This solution leverages intent recognition technology of large language models (LLMs) to learn complex language patterns and user behavior patterns from massive data volumes. It enables more accurate recognition of user intents and provides a smoother, more natural interaction experience. This topic describes the complete development process of an LLM-based intent recognition solution using the Qwen1.5 large language model.
Background information
What is intent recognition?
AI agents interpret user requirements described in natural language to perform appropriate operations or provide relevant information. These agents have become essential components in intelligent interaction systems. LLM-based intent recognition technology has gained significant attention in the industry and is widely applied.
Typical scenarios of intent recognition technology
In intelligent voice assistant scenarios, users interact with voice assistants using simple voice commands. For example, when a user says "I want to listen to music" to a voice assistant, the system must accurately recognize that the user requirement is to play music, and then perform the related operation.

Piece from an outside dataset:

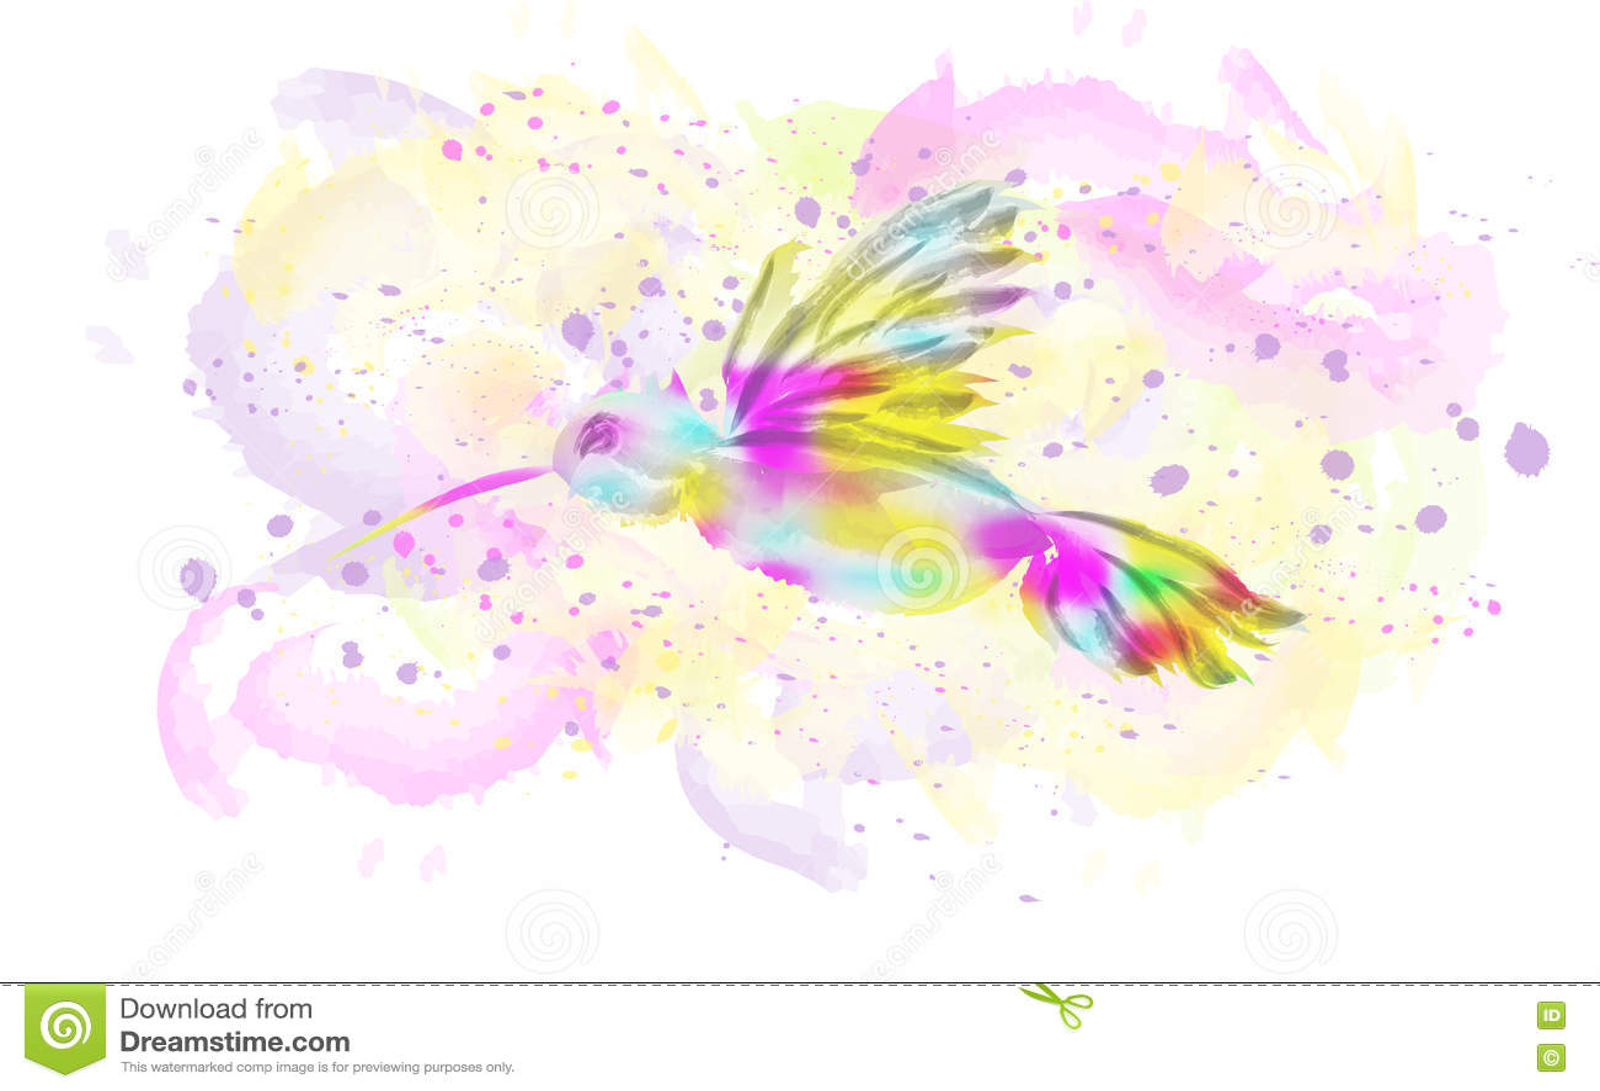 watercolor bird illustration stock vector image 75752002

In intelligent customer service scenarios, the challenge lies in handling various customer service requests and quickly classifying them into different processes, such as returns, exchanges, and complaints. For example, a user may say "I received a defective item and I want to return it" to the customer service system of an e-commerce platform. In this case, the LLM-based intent recognition system must quickly capture that the user's intent is to "return an item" and trigger the return process to guide the user through subsequent operations.
Working process
The following figure shows the working process of the LLM-based intent recognition solution.

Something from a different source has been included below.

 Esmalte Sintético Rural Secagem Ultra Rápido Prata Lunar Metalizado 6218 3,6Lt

You need to prepare training datasets for specific business scenarios based on data format requirements and data preparation strategies. You can also prepare business data based on data preparation strategies and use iTAG to label raw data. Then, you need to export labeling results and convert them into data formats supported by QuickStart of Platform for AI (PAI) for subsequent model training.
Train and perform an offline evaluation on a model
In QuickStart, you can train the Qwen1.5-1.8B-Chat model. After training the model, you need to perform an offline evaluation.
Deploy and call a model service
If the model evaluation results meet your expectations, you can use QuickStart to deploy the trained model to Elastic Algorithm Service (EAS) as an online service.
Prerequisites
Before performing the operations described in this topic, make sure you have completed the following preparations:
Deep Learning Containers (DLC) and EAS of PAI are activated on a pay-as-you-go basis and a default workspace is created. For more information, see Activate PAI and create a default workspace.
An Object Storage Service (OSS) bucket is created to store training data and the model file obtained from model training. For information about how to create a bucket, see Quick Start.
Prepare training data
You can prepare training data using one of the following methods:
Method 1: Build a training dataset based on data preparation strategies and data format requirements.
Method 2: Use iTAG to label data based on data preparation strategies. This method is suitable for large-scale data scenarios and can significantly improve labeling efficiency.
Data preparation strategies
To improve the effectiveness and stability of training, you can prepare data based on the following strategies:
In single-intent recognition scenarios, ensure that at least 50 to 100 data records are labeled for each type of intent. If the model performance after fine-tuning does not meet your expectations, you can increase the number of labeled data records. Additionally, you must ensure that the quantity of labeled data records for each type of intent is balanced.
In multi-intent recognition scenarios or multi-round chat scenarios, we recommend that the quantity of labeled data records is more than 20% of the quantity in single-intent recognition scenarios, and the intents involved in multi-intent recognition or multi-round chat scenarios must have occurred in single-intent recognition scenarios.
Intent descriptions need to cover as many phrasings and scenarios as possible.
Data format requirements
The training data must be saved in a JSON file, which contains the instruction and output fields. The output field corresponds to the intent predicted by a model and related parameters. The following sample code provides examples of training data in different intent recognition scenarios.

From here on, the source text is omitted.